Watch this: CES 2019: Sex tech is everywhere and nowhere

IFA might have been supportive of Rakshit's company and mission, but MysteryVibe is once again the only sex tech company at the show this year. It's something he hopes will change -- he'd love to see more companies exhibiting alongside him. "One of our main objectives is to start the conversation," he said.

When I ask Rakshit why he thinks more sex toy companies don't exhibit at consumer tech shows, he says it's because they've been "historically rejected" from mainstream spaces. So they stick to conventions for the adult industry, which MysteryVibe attends too, he added, "but we are preaching to the converted."

IFA, which opens to the public this weekend, provides ample opportunity for Rakshit to introduce MysteryVibe's products to people who otherwise might never have considered them -- those who wouldn't necessarily go into a sex shop, or who may stop by and realize tools are available to help them resolve issues they have in the bedroom.

Thanks to the CTA's change in policy and the established sex tech industry in North America, Rakshit expects the sex tech presence at CES to be impressive this year. MysteryVibe will be among those attending CES in 2020 as a sex toy exhibitor, but it's not the company's first Vegas rodeo. 
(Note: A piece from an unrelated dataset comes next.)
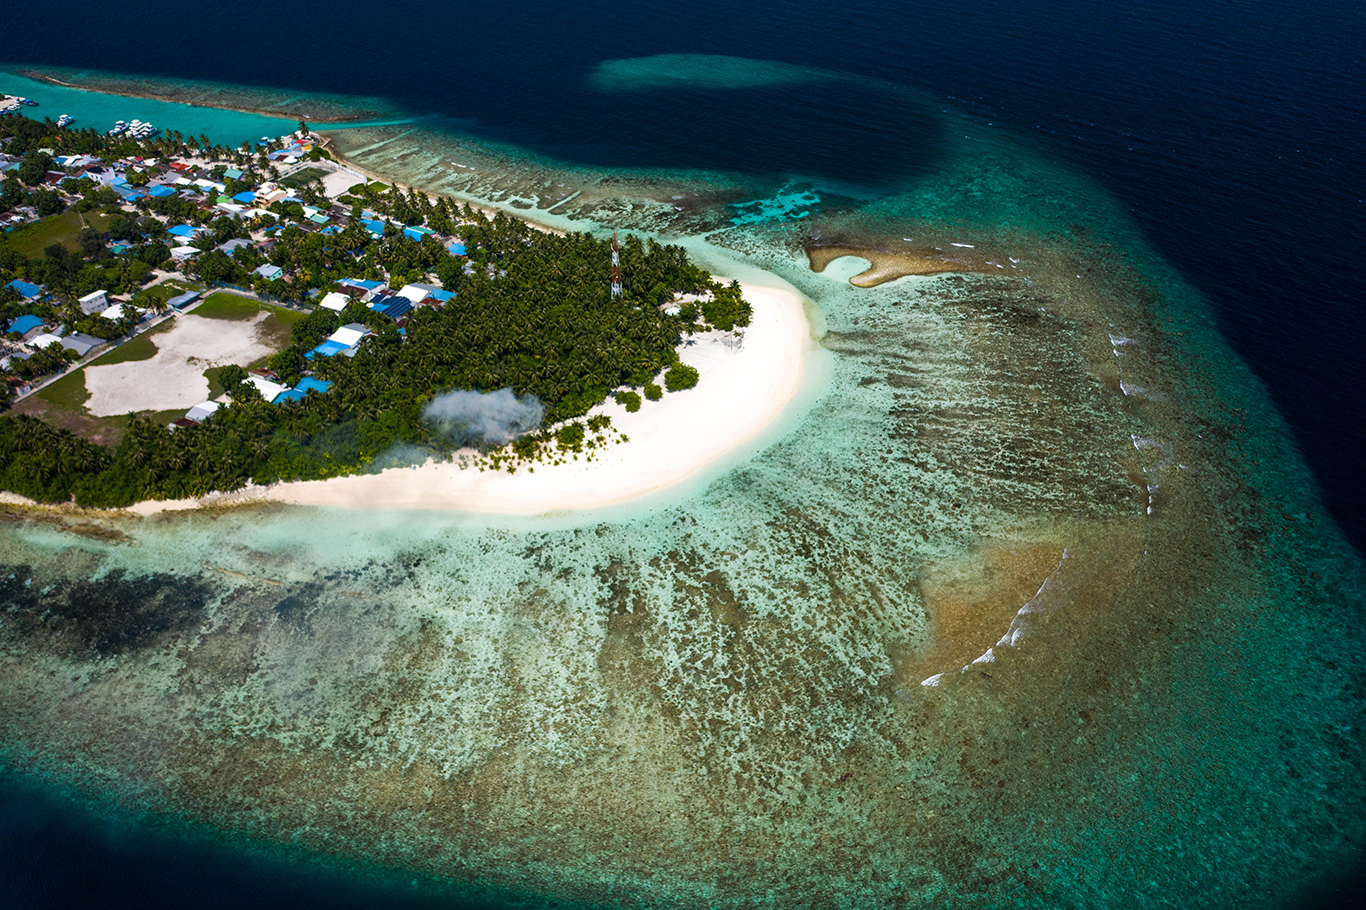 Photo Credit: Wild Maldives via Google Images

In the past it's been able to attend, but as part of a group of other hardware companies with no emphasis on sex allowed. Come January, you'll be able to see them in the health tech section of the show. (MysteryVibe is currently running trials to seek FDA approval so doctors can prescribe its products to men and women suffering from various forms of sexual dysfunction.)

Asked if he's looking forward to attending CES next January, Rakshit's eyes light up. He knows the CTA and has talked to the organization over the years, giving it assurances that the MysteryVibe stand won't be flanked by naked women. Instead, it'll be much like it is at IFA -- clearly about sex, with vague illustrations of human bodies on display, but in a mellow, arty, tasteful kind of way. 

"People have crazy assumptions about the sex world," Rakshit said. "We want to delight and bring pleasure and inform, educate, make it really friendly. Traumatizing people is not going to get us anywhere."